▸ Problem details
Set down the data below in full and exactly, minus the pictures.

▸ Recorded information
- Opening Delimiter -
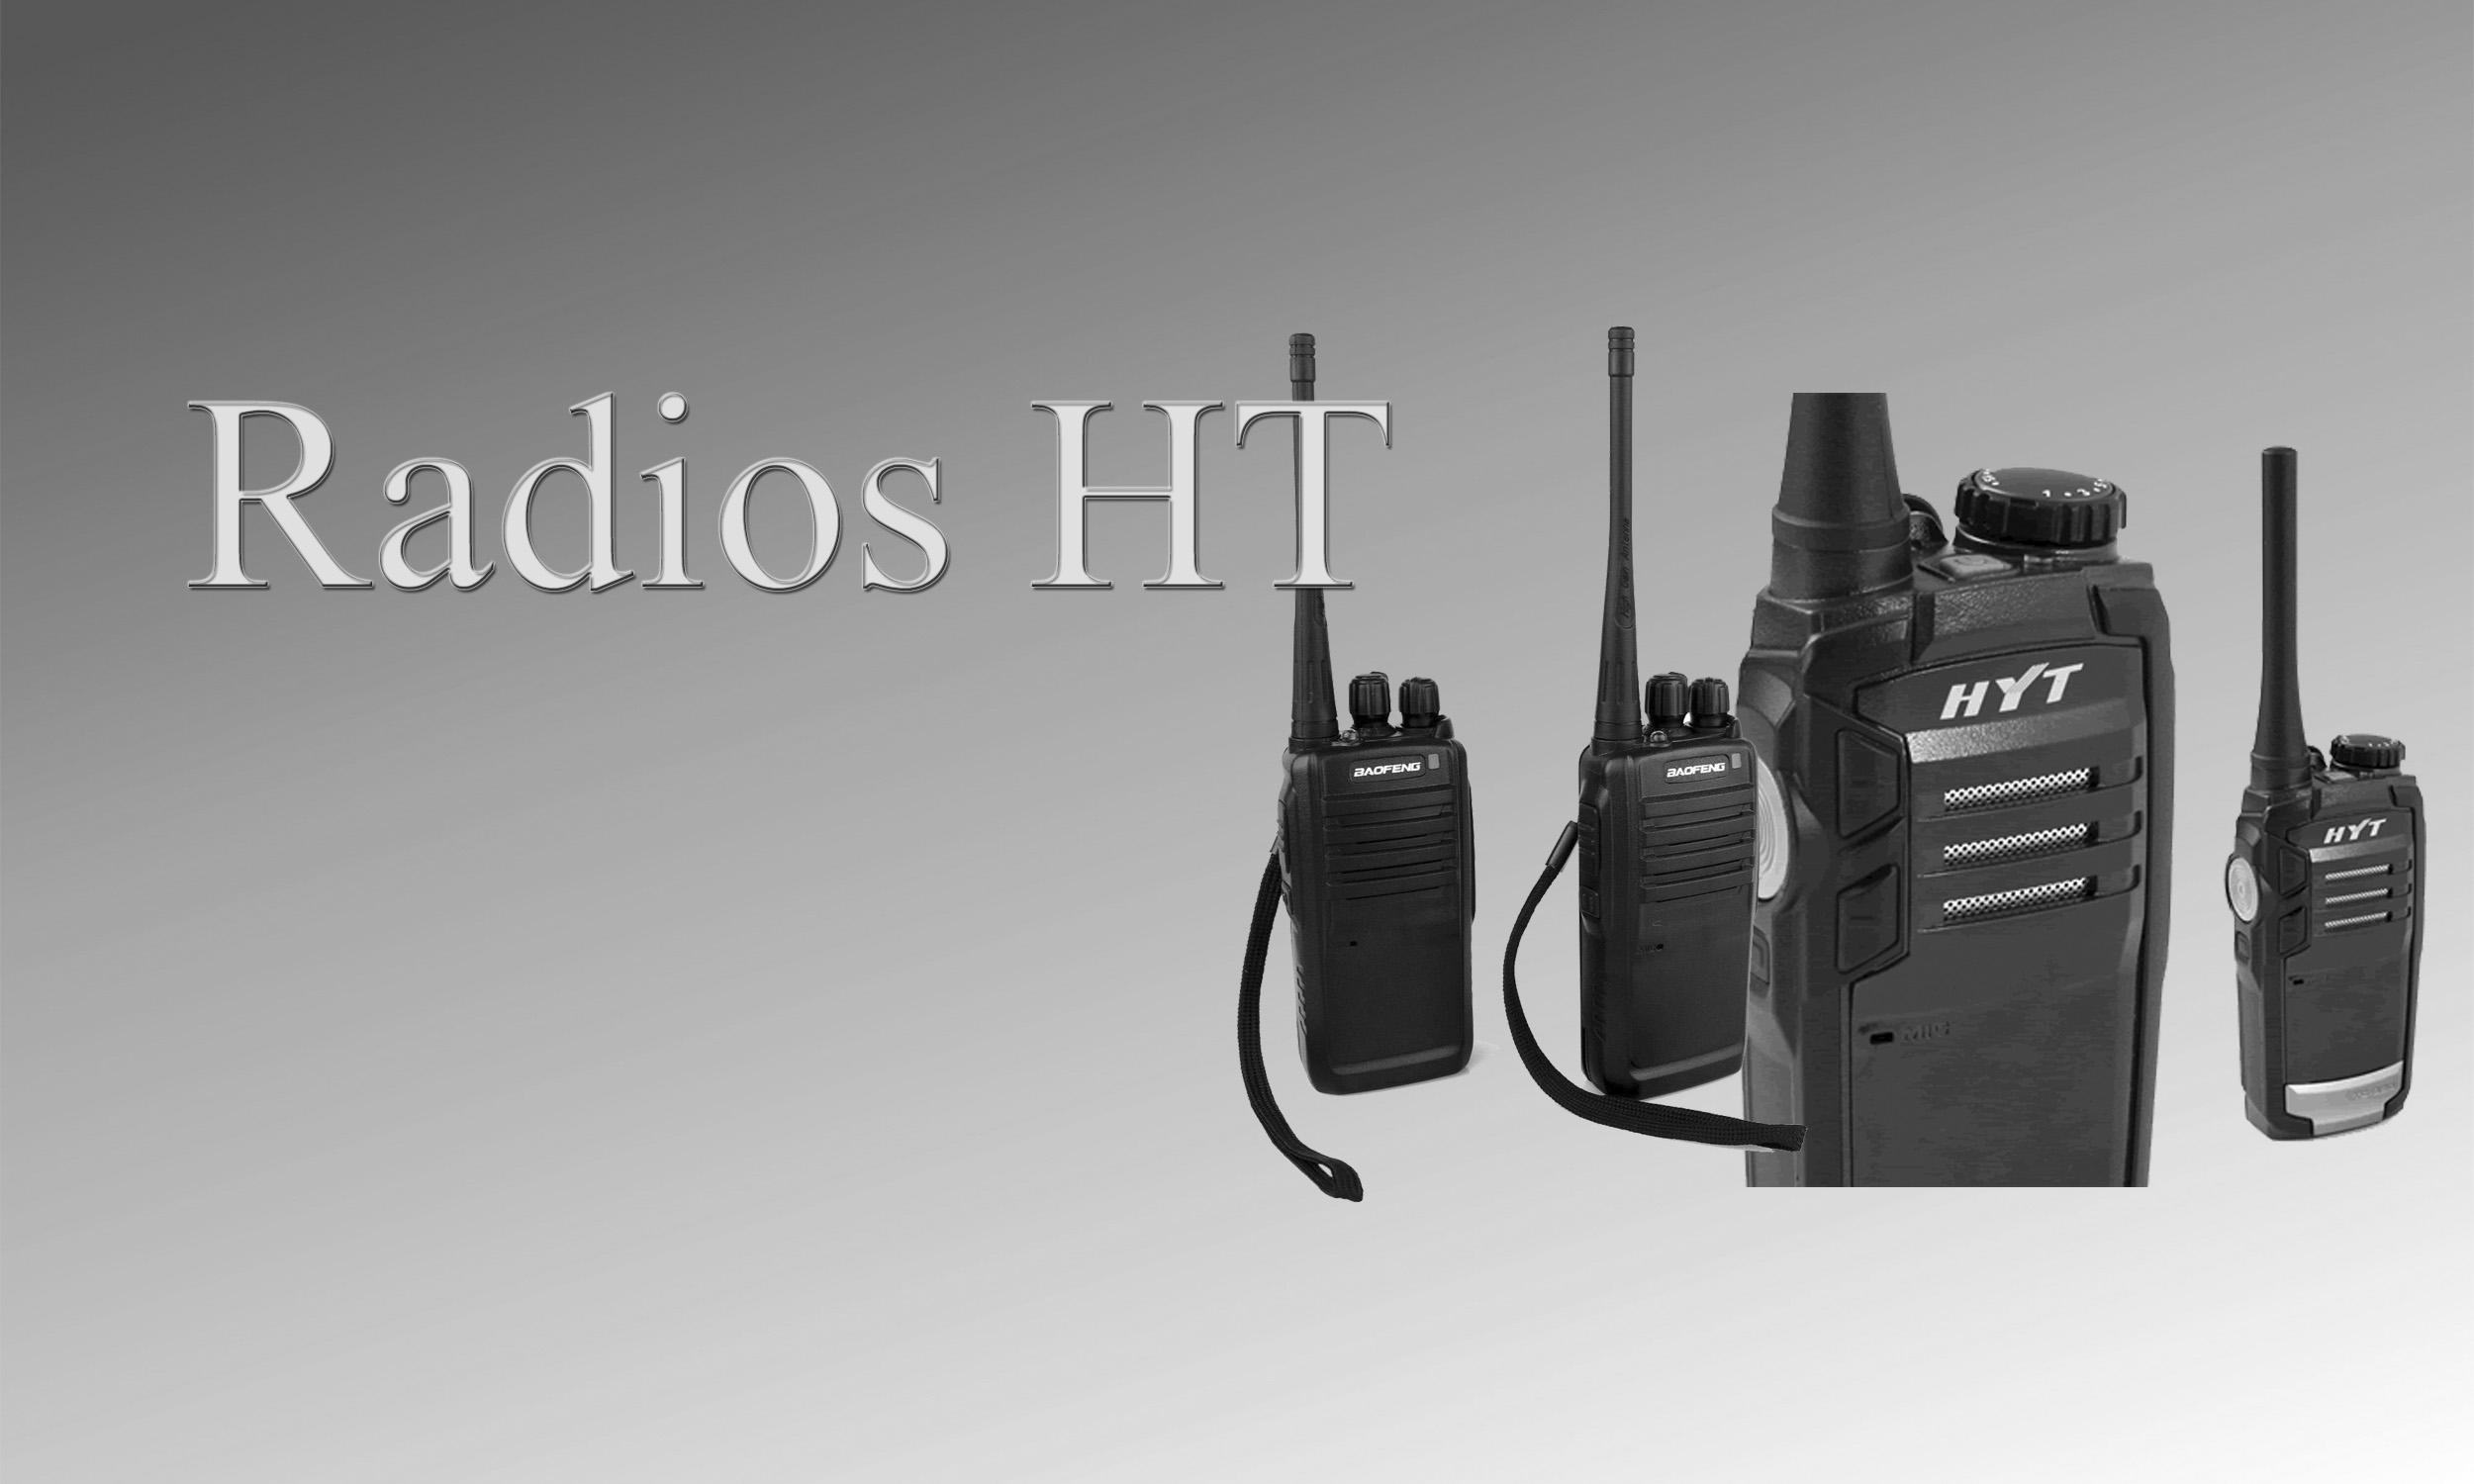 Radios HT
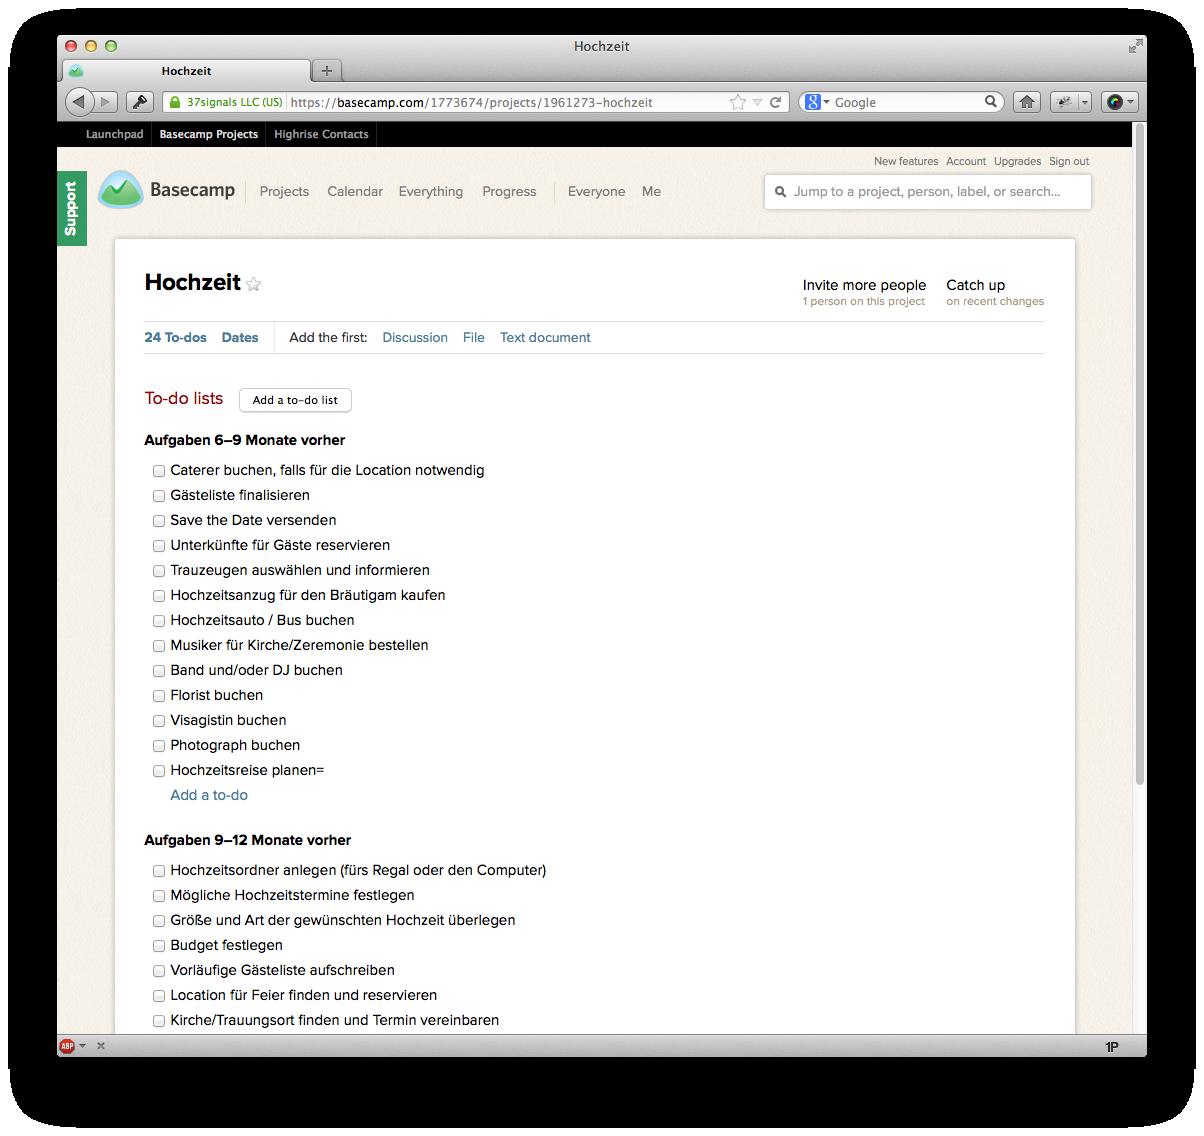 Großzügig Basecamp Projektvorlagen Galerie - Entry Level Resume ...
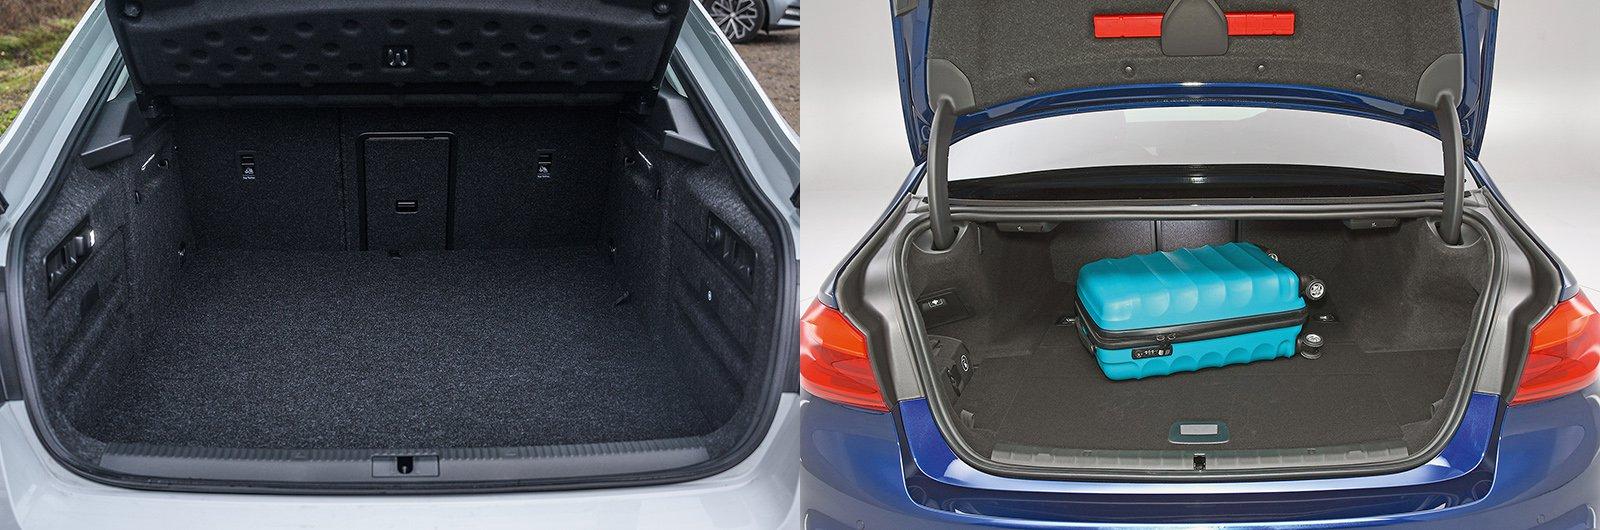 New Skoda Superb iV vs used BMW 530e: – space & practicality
- Closing Delimiter -
▸ Written solution
 Radios HT
 Großzügig Basecamp Projektvorlagen Galerie - Entry Level Resume ...
 New Skoda Superb iV vs used BMW 530e: – space & practicality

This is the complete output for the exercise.